Yesterday, when looking at Ohloh, I wondered whether we could guess anything about the gender of contributors from their user profiles there. So I set up a little experiment. Using the Ohloh API, I extracted a bunch of account data, then grabbed a small sample (100 accounts) to mess around with. (I didn’t worry too much about real randomness at this point, as it was just a proof of concept.)

Next I created a Mechanical Turk job where I asked participants to look at Ohloh profile pages and see if they could figure out the gender of the user based on username, avatar, or any other means. I got three people to look at each profile, paying 5c each, so the cost to me was 100 * 15c = $15, plus Amazon’s fee brought it to $16.50.

The results came back in about an hour. I downloaded them and ran them through a quick little Perl script. In any case where at least two of the Mech Turk workers had agreed on “Male” or “Female”, I counted the user as that gender. If the workers couldn’t agree or couldn’t tell, I counted the user as “unknown”.

My results for the test batch of 100 users:

6 female
23 male
71 unknown

Turns out it’s hard to tell gender from Ohloh profiles! Some of them are truly impossible — usernames that are just initials, for instance, and profile pages not filled out at all. And sometimes my MT workers just seemed to have odd opinions, or didn’t know much about names. For example, they all marked someone named Didier Durand as “?” although that is a common French masculine name. Similarly, someone named Pavel Shiryaev also came through as unknown, with two “?” and one “M” though Pavel is the Russian version of the masculine name “Paul”. dianelamb320 got a vote each way for “M”, “F”, and “?”, also resulting in “unknown”, though I would have guessed female. On the other hand, svpavani came through as female (two “F”, one “?”) and I can’t for the life of me figure out why, as there is nothing on the profile page to indicate it.

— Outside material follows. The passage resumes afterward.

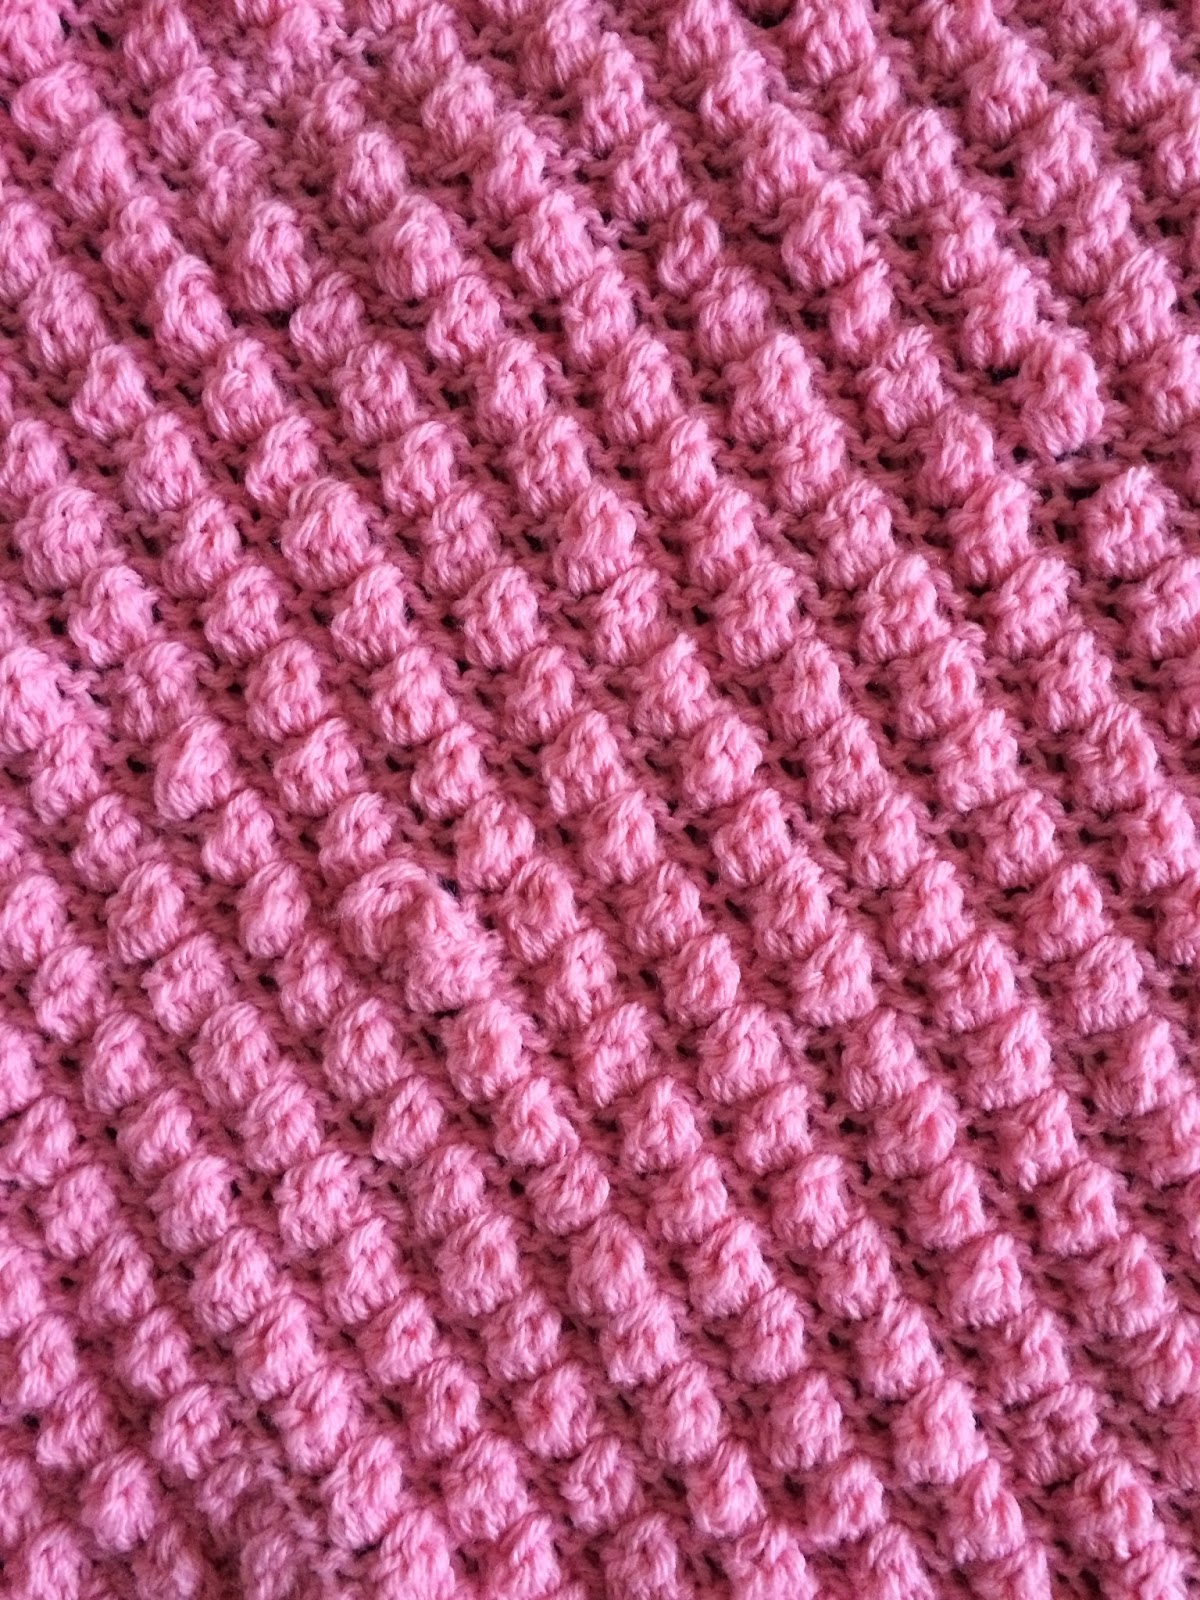 Tunisian crochet puff stitch baby blanket free pattern not my tunisian crochet puff stitch baby blanket free pattern bankloansurffo Gallery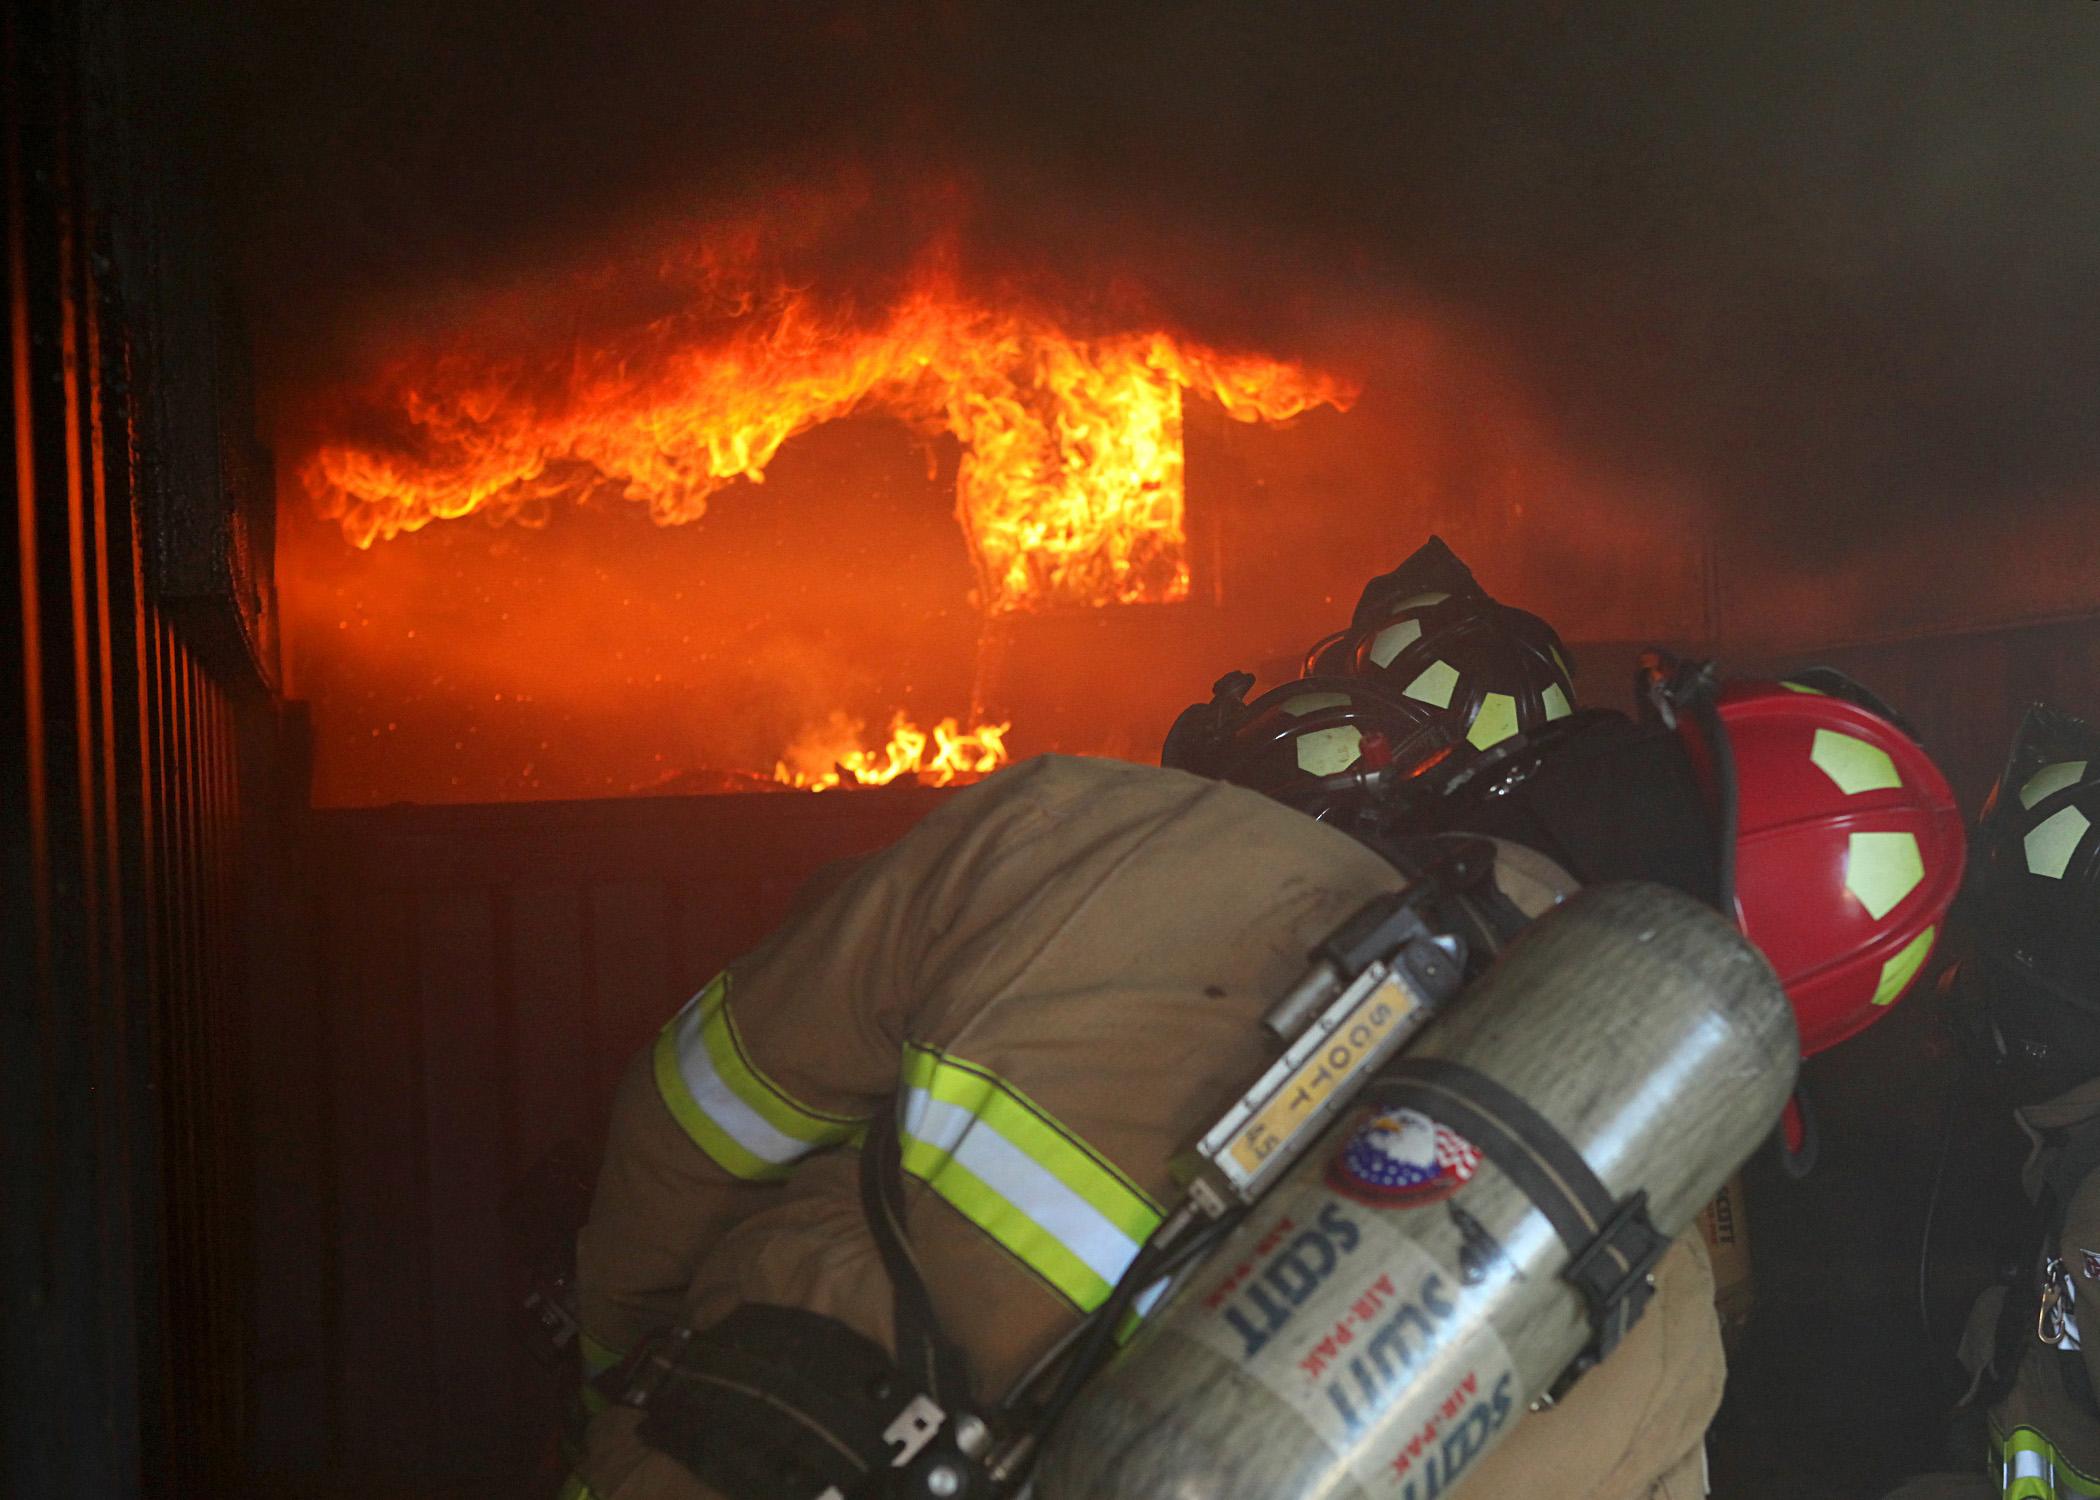 jbsa firemen take flashover training  u0026gt  joint base san antonio  u0026gt  news

So… with 71% unknown, I don’t really feel this was successful enough to extend to a wider sample, given that it costs real money to do so. But I do think it was interesting that in the small and not-particularly-random sample I used, 5% were clearly feminine usernames (that is, 6% minus “svpavani”). This is considerably higher than the 1.5% of female contributors usually cited from the FLOSSPOLS survey.

What do you think? Would it be worth trying again with a larger sample? Do you have any ideas for how to get fewer “unknown” responses without compromising the data? Any other ideas on how we could mine Ohloh’s account information to learn things about gender?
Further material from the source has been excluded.